The Supreme Court elated religious freedom advocates and alarmed secular groups with its Tuesday ruling on public funding for religious education, a decision whose long-term effect on the separation of church and state remains to be seen.
In Espinoza v. Montana Department of Revenue, the high court ruled 5-4 that states must give religious schools the same access to public funding that other private schools receive, preserving a Montana scholarship program that had largely benefited students at religious institutions.
It prompted a jubilant reaction from the reelection campaign of President Donald Trump, who counts religious conservatives as a core part of his base. The campaign lauded the decision as “a victory for educational freedom,” underscoring its importance for a White House that often spotlights religious liberty.
Sister Dale McDonald, public policy director for the National Catholic Educational Association, said the ruling has the potential to stem nationwide enrollment declines at Roman Catholic schools that are forcing the closure of hundreds of institutions.
“This is a chance to get public schools and religious schools on equal footing,” McDonald said, adding that the extent of change would depend on how many state legislatures opt to expand tuition assistance.
Critics assailed the decision as another in a series of setbacks for a principle with long roots in the U.S. legal system.
It is "the latest in a disturbing line of Supreme Court cases attacking the very foundations of the separation of church and state,” said Daniel Mach, director of the American Civil Liberties Union’s freedom of religion program.

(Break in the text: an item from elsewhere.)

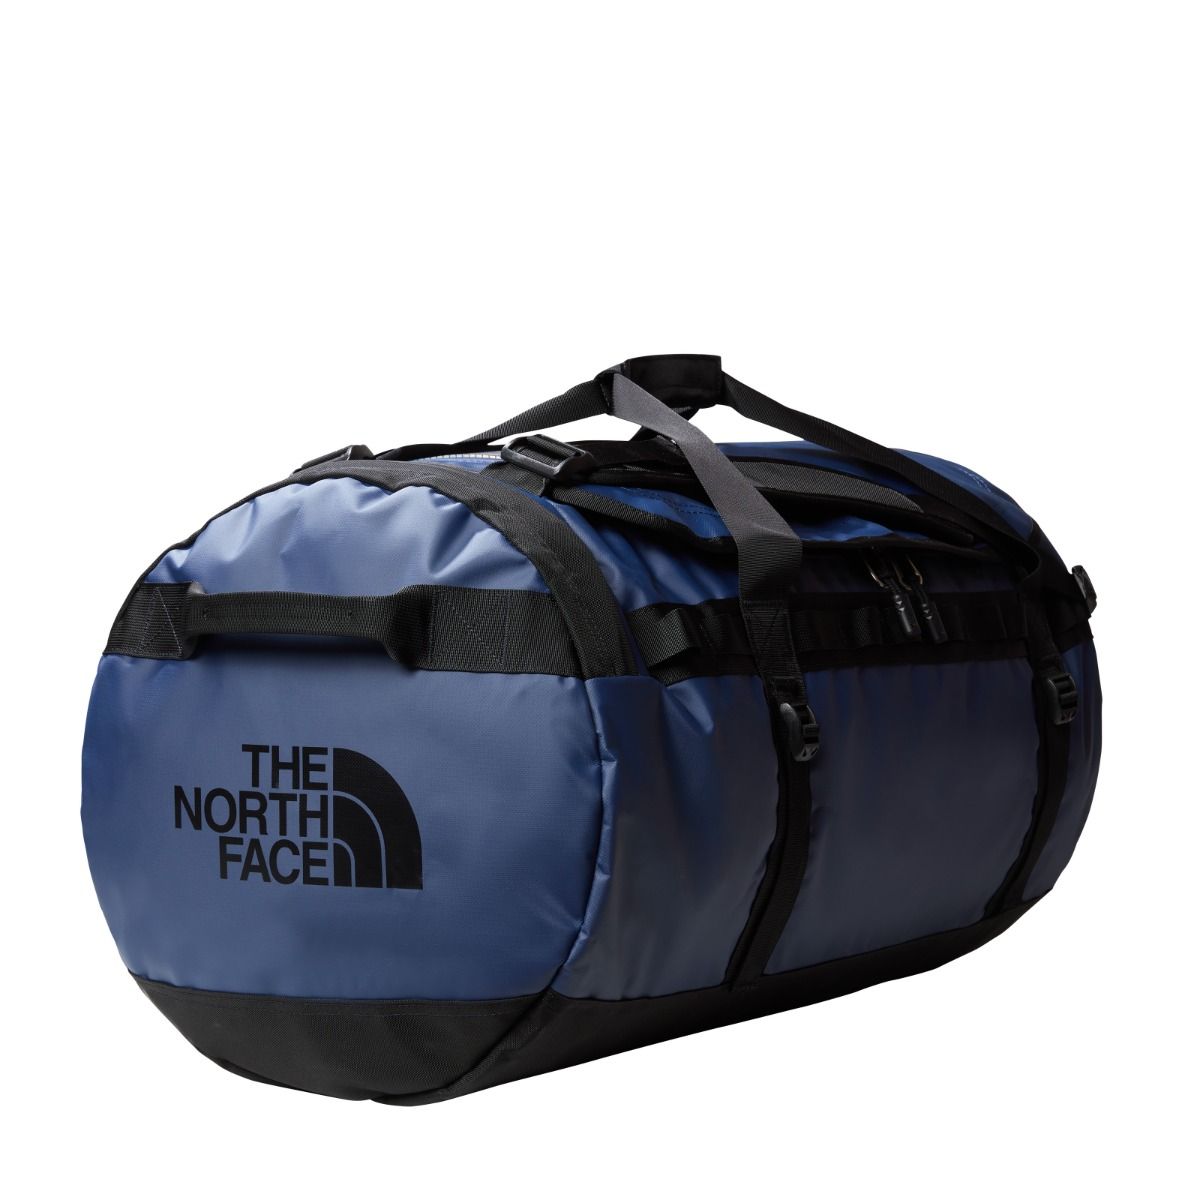 The North Face - BASE CAMP DUFFEL LARGE 95L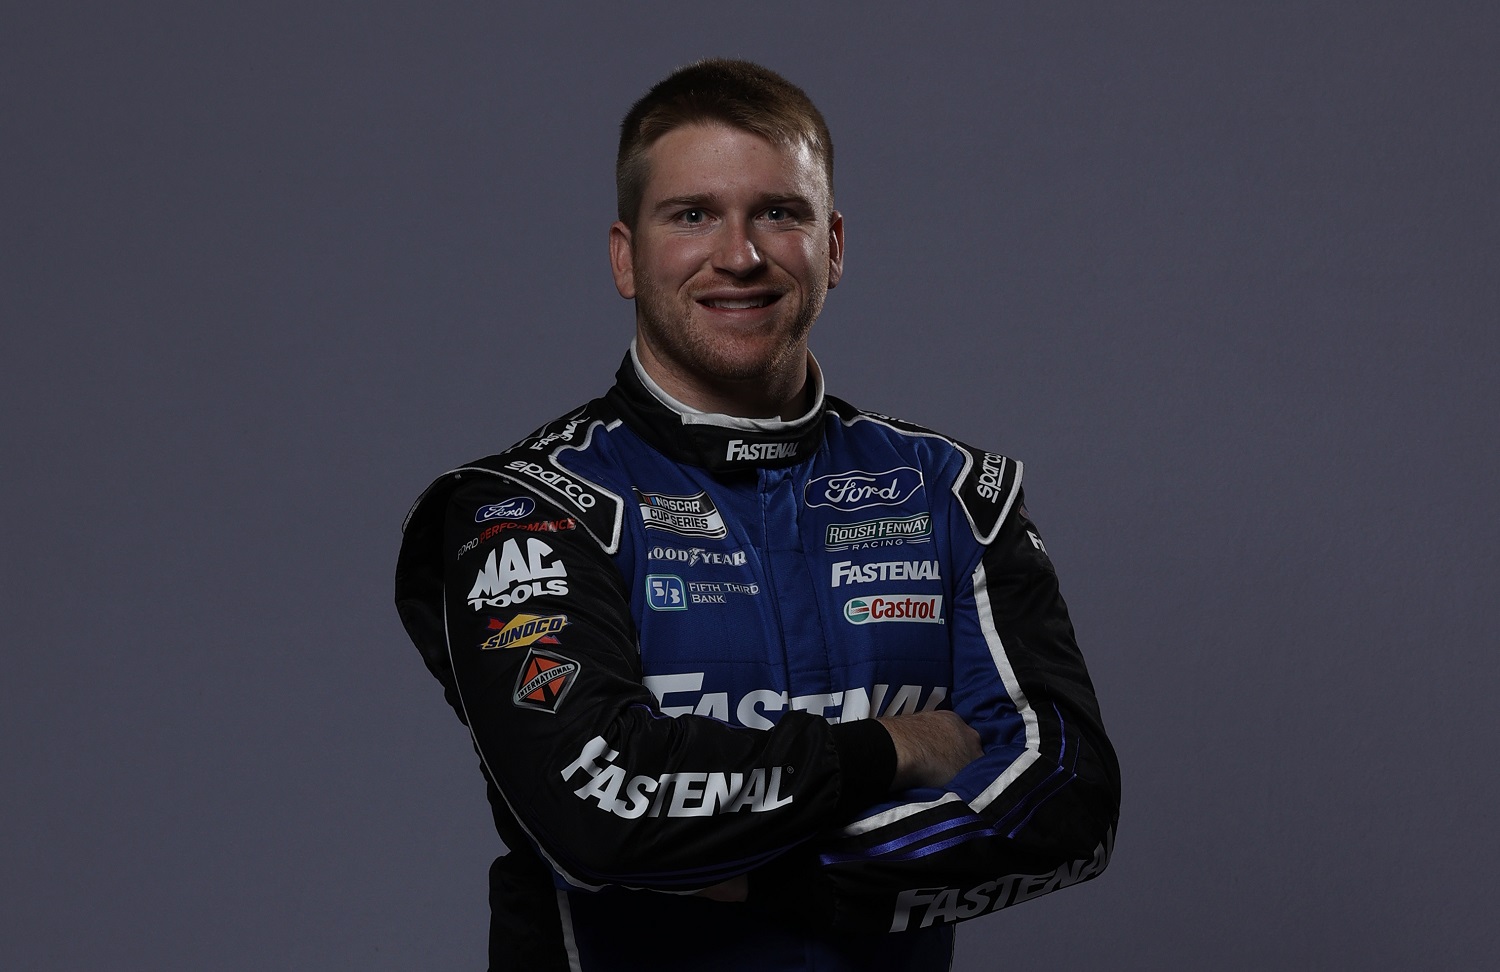 Cup Series driver Chris Buescher poses for a photo during NASCAR Production Days at Fox Sports Studios on Jan. 19, 2021, in Charlotte, North Carolina.

Tuesday’s ruling focused on a program that offered indirect tuition assistance through tax credits rather than direct state aid to religious schools. The court left unresolved the extent to which religious schools may use public funding for explicitly religious activities, such as worship services and religious-education courses. Mach said that issue likely would be the focus of future litigation, given that many religious schools consider doctrinal education to be at the core of their mission.